National Center for Biotechnology Information, National Library of Medicine, National Institutes of Health, Bethesda, MD 20894, USA.
Brief Bioinform. 2011 Sep;12(5):379-91. doi: 10.1093/bib/bbr030. Epub 2011 Jun 19.
Accurate inference of orthologous genes is a pre-requisite for most comparative genomics studies, and is also important for functional annotation of new genomes. Identification of orthologous gene sets typically involves phylogenetic tree analysis, heuristic algorithms based on sequence conservation, synteny analysis, or some combination of these approaches. The most direct tree-based methods typically rely on the comparison of an individual gene tree with a species tree. Once the two trees are accurately constructed, orthologs are straightforwardly identified by the definition of orthology as those homologs that are related by speciation, rather than gene duplication, at their most recent point of origin. Although ideal for the purpose of orthology identification in principle, phylogenetic trees are computationally expensive to construct for large numbers of genes and genomes, and they often contain errors, especially at large evolutionary distances. Moreover, in many organisms, in particular prokaryotes and viruses, evolution does not appear to have followed a simple 'tree-like' mode, which makes conventional tree reconciliation inapplicable. Other, heuristic methods identify probable orthologs as the closest homologous pairs or groups of genes in a set of organisms. These approaches are faster and easier to automate than tree-based methods, with efficient implementations provided by graph-theoretical algorithms enabling comparisons of thousands of genomes. Comparisons of these two approaches show that, despite conceptual differences, they produce similar sets of orthologs, especially at short evolutionary distances. Synteny also can aid in identification of orthologs. Often, tree-based, sequence similarity- and synteny-based approaches can be combined into flexible hybrid methods.

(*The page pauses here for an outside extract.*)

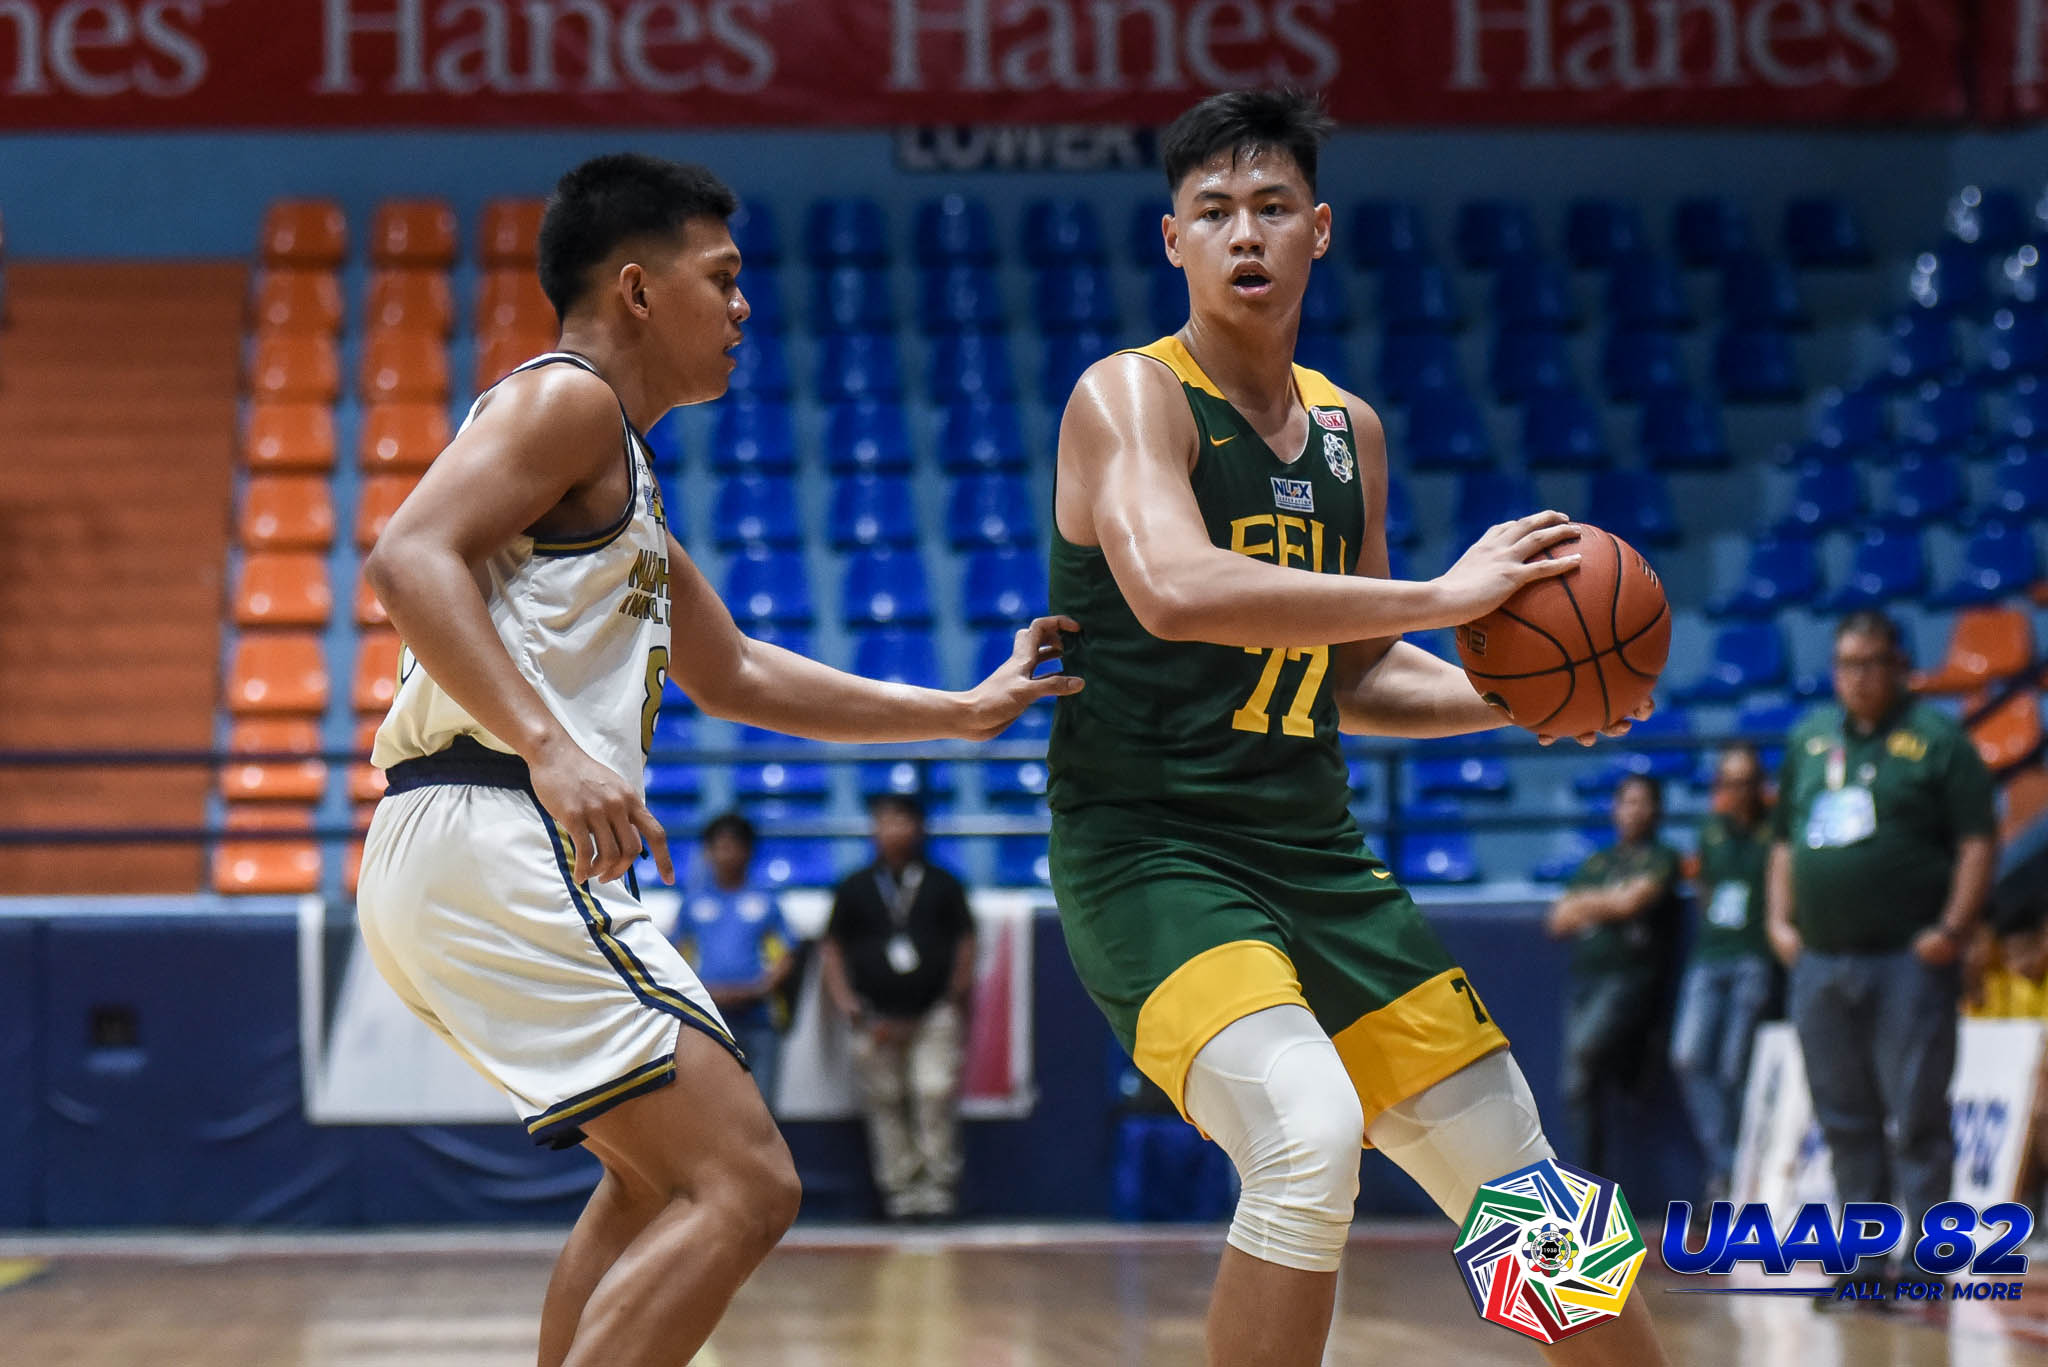 UAAP82-BOYS-BB-FINALS-G2-2ND-PHOTO-FEU-PADRONES Donn Lim transfers to NU as Kenshin Pedrones makes Bulldogs return Basketball News NU UAAP  - philippine sports news

准确推断直系同源基因是大多数比较基因组学研究的前提,对于新基因组的功能注释也很重要。直系同源基因集的识别通常涉及系统发育树分析、基于序列保守性的启发式算法、同线性分析,或这些方法的某种组合。最直接的基于树的方法通常依赖于将单个基因树与物种树进行比较。一旦准确构建了这两棵树,就可以根据同源物是通过物种形成而不是基因复制在最近的起源点相关的定义,直接识别直系同源物。虽然从理论上讲,这种方法非常适合确定直系同源物,但对于大量基因和基因组来说,构建系统发育树的计算成本很高,而且它们通常包含错误,尤其是在较大的进化距离上。此外,在许多生物体中,特别是原核生物和病毒,进化似乎并没有遵循简单的“树状”模式,这使得传统的树整合方法不适用。其他启发式方法将最接近的同源对或一组基因识别为一组生物体中的可能直系同源物。这些方法比基于树的方法更快、更容易自动化,图形理论算法的高效实现使数千个基因组的比较成为可能。这两种方法的比较表明,尽管存在概念上的差异,但它们产生了相似的直系同源物集,尤其是在较短的进化距离上。同线性也有助于鉴定直系同源物。通常,基于树的、基于序列相似性的和基于同线性的方法可以组合成灵活的混合方法。